You can do this by editing your Multi-Protocol Gateway Policy: In the DataPower search bar, search for AAA Policy. Edit the policy called MFPIntegration_Web_HTTPS_FormLTPA_Form2LTPA. In the Authentication tab, change the authentication method. For example, you can choose Bind to LDAP server to perform a simple bind against an LDAP compliant directory server. The pattern supports the use of any valid DataPower AAA policy, however remember that the user identity returned from the authentication step must also exist in the Liberty user registry.

Note regarding SSL

The pattern by default ONLY supports SSL. You are required to setup a SSL Proxy Profile for the pattern to be deployed. Keep in mind that most mobile devices reject self-signed certificates by default (workaround not covered here).

During development, if you wish to open a non-SSL (HTTP) port, you need to modify the gateway: In your Multi-Protocol Gateway, look for Front side settings. Add an HTTP Front side handler, choose a port for HTTP requests, and make sure to check GET in the list of allowed methods.

Samples & Pattern

You can download the samples and pattern from GitHub.

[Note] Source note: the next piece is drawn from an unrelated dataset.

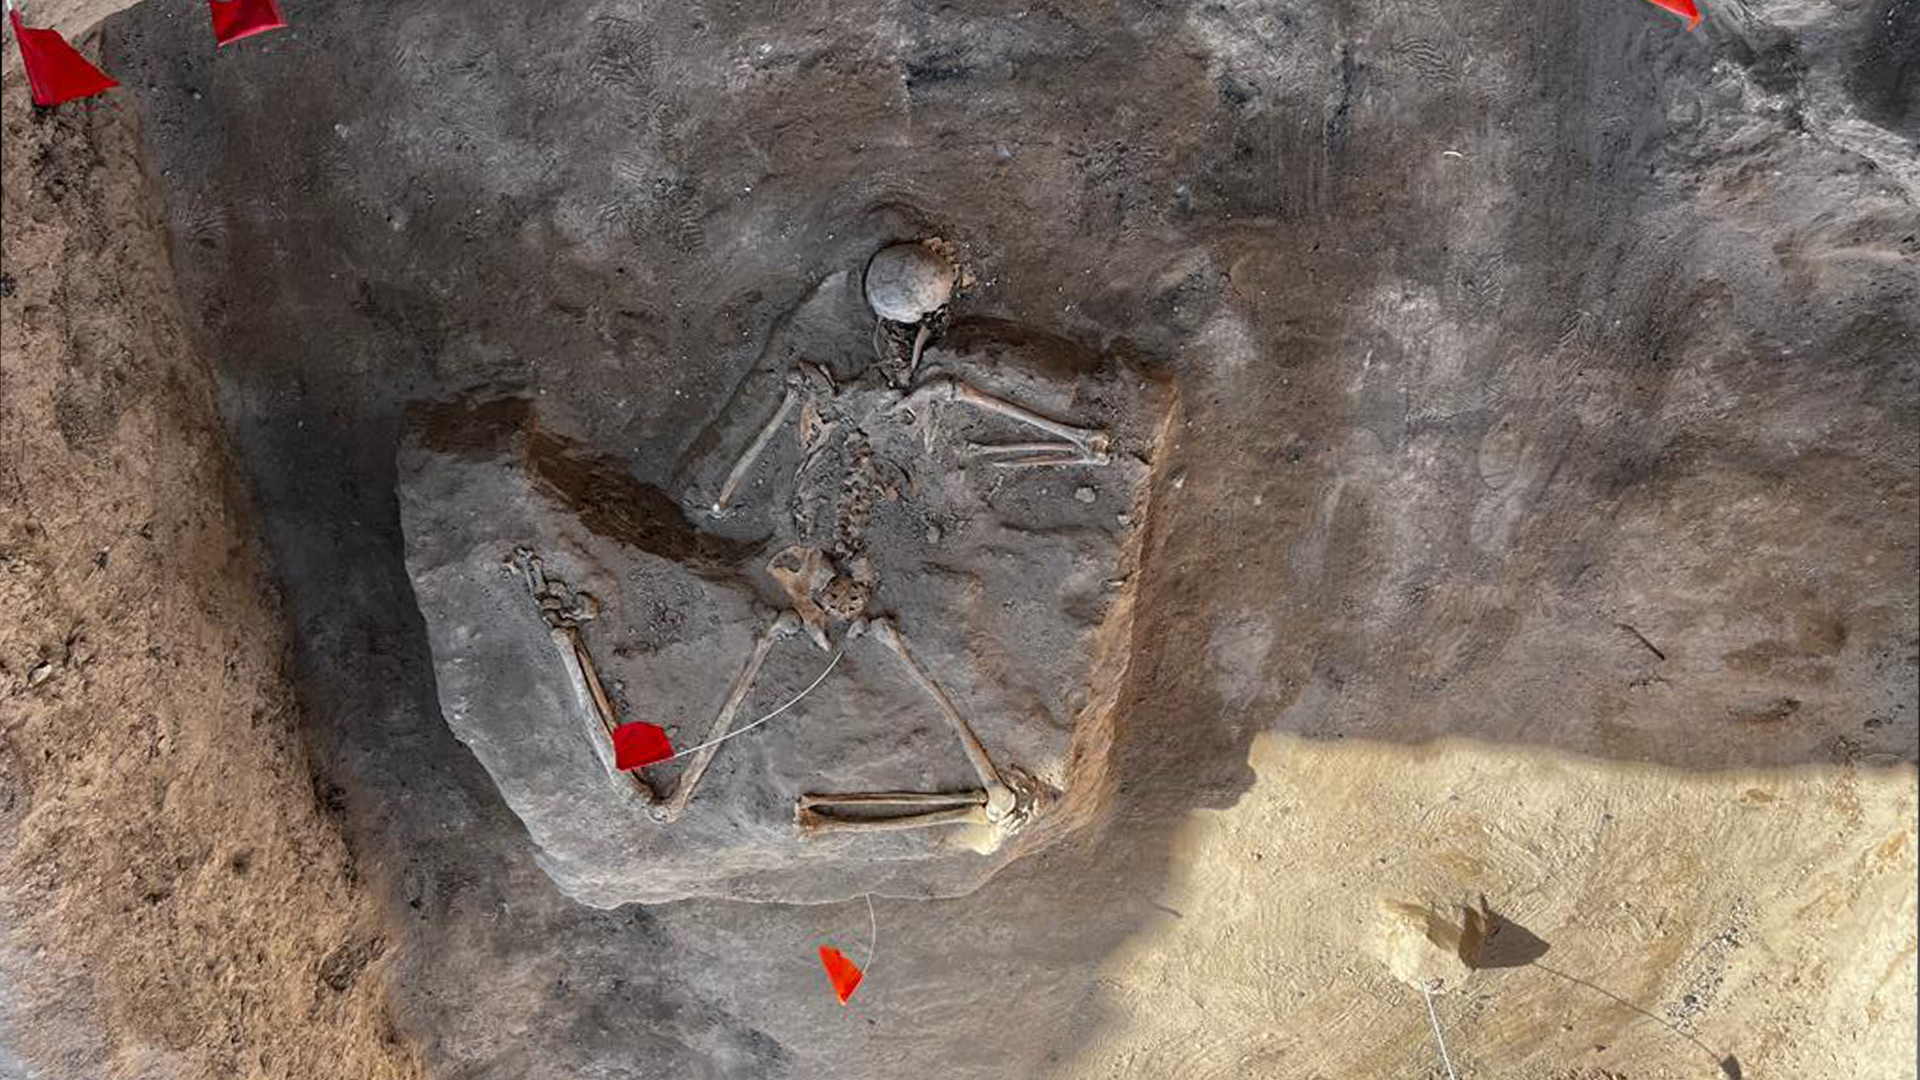 2,700-year-old extremely well preserved skeleton found in fortress in Turkey may be an earthquake victim Live Science pic

There are 3 samples available:

• DataPowerCordova contains a Cordova sample.
• DataPowerSwift contains a native Xcode project.
• DataPowerAndroid contains a native Android Studio project.
• pattern: contains the DataPower pattern to use for those samples.

Each of those samples use the ResourceAdapter adapter which can be found on GitHub as well.

Make sure to configure the server.xml and deploy the artifacts before running the samples.